Now, as with all gimmicks, you again hear the usual tirade; "more gadgets, more things to go wrong." Not so with the CX, which featured as an example a concave rear window; the airstream moving over it created an airwave that auto-cleaned the glass, removing the need for a rear wiper. How cool is that? Well, alright, not very cool in the smoking-Gualloise-on-Champs-Elysees sense, but I'll admit that it impressed me when I heard it.

The demise of Citroen was an unsurprising one; a combination of far too much cash spent on research projects (Wankel engine, anyone?) and not enough cash coming in from regular car sales. Quite simply, Citroen couldn't have made a regular car if they'd tried - it just wasn't in them, in the same way it's just not in a Frenchman's blood to be teetotal. They'd pumped so much money into these projects that, even though the CX itself was an excellently selling car in its class, its class wasn't the type of car people post-oil-crisis wanted to buy. And with little cash left over to develop more models, Citroen went bankrupt.

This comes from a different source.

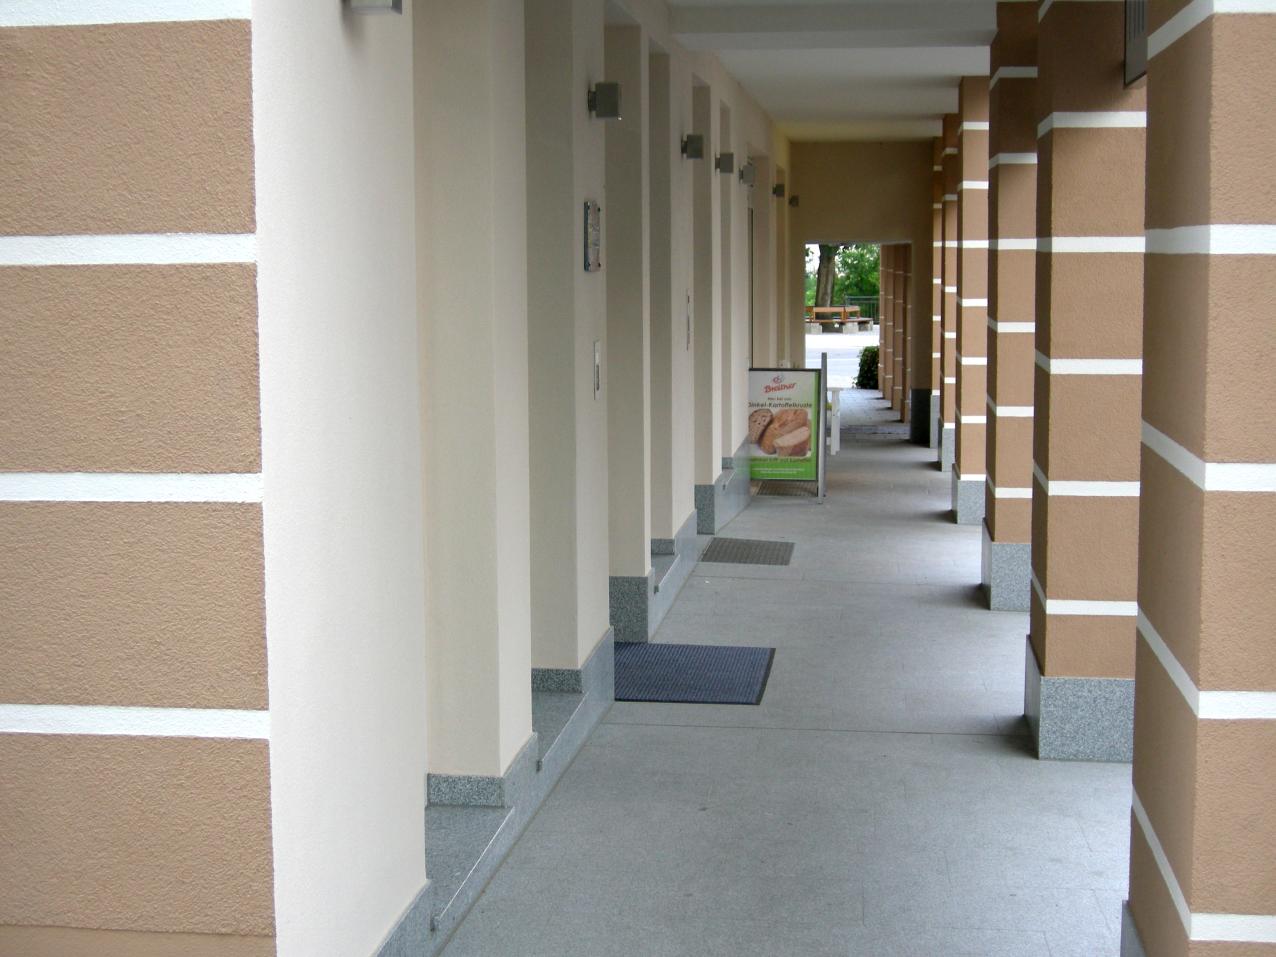 klosterstrasse2a_02

Which is a shame. Citroen fanatics rate the CX as the last "true" Citroen, as if it were the last bottle of absinthe to contain actual wormwood, before Peugeot came along and took all the fun out of it with their platform-sharing and economy-drives and bloody Talbots, rebranding Citroen as the "budget brand" and churning out the CX, relatively unchanged, until 1991. Tack on Peugeot's slapdash approach to build quality, and all the turbodiesels and GTI badges couldn't save the CX from the reputation that "it looks better with the bonnet up."

There's no fun in seeing one of the last great quirks of European motoring laid up on its haunches in a snow-covered car park; even more so when this particular car park is earmarked for development and should be cleared by the end of the year. Hopefully they'll place something here as innovative and eye-catching as its current tenant. It would be a shame to see another practical but boring apartment block replace a true momument.